▶ **Exercise data**
##############################
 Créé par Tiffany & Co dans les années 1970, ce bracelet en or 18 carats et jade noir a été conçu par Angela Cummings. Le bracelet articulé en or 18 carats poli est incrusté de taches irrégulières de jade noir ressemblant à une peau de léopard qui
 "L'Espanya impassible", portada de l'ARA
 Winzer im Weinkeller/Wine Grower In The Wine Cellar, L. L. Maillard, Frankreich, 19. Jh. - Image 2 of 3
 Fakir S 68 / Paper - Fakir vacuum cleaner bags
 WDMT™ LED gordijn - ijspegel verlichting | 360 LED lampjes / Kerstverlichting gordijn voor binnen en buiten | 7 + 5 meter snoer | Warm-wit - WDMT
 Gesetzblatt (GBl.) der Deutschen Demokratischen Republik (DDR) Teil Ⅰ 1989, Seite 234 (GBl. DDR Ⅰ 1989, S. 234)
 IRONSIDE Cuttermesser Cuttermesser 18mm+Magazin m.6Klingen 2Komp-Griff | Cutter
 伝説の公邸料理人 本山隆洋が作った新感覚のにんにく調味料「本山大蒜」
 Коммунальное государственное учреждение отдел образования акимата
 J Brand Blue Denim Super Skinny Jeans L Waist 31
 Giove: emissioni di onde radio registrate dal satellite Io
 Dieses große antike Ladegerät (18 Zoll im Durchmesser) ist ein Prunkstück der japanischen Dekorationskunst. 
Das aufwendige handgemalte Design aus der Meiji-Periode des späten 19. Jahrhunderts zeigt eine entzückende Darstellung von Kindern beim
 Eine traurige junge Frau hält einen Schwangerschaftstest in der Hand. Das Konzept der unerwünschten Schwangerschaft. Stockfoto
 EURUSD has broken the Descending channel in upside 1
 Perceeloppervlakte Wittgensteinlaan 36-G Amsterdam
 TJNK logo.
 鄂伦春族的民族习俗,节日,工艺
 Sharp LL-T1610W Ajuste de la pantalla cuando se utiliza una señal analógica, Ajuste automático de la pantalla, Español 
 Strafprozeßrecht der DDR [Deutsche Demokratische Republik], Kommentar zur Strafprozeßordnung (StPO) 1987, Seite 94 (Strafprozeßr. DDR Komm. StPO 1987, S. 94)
##############################
▶ **Exercise objective**
Of all the entries above, output exactly the lines between the one holding "Winzer im Weinkeller/Wine" and the one holding "WDMT™ LED gordijn", inclusive.

▶ **Exercise solution**
 Winzer im Weinkeller/Wine Grower In The Wine Cellar, L. L. Maillard, Frankreich, 19. Jh. - Image 2 of 3
 Fakir S 68 / Paper - Fakir vacuum cleaner bags
 WDMT™ LED gordijn - ijspegel verlichting | 360 LED lampjes / Kerstverlichting gordijn voor binnen en buiten | 7 + 5 meter snoer | Warm-wit - WDMT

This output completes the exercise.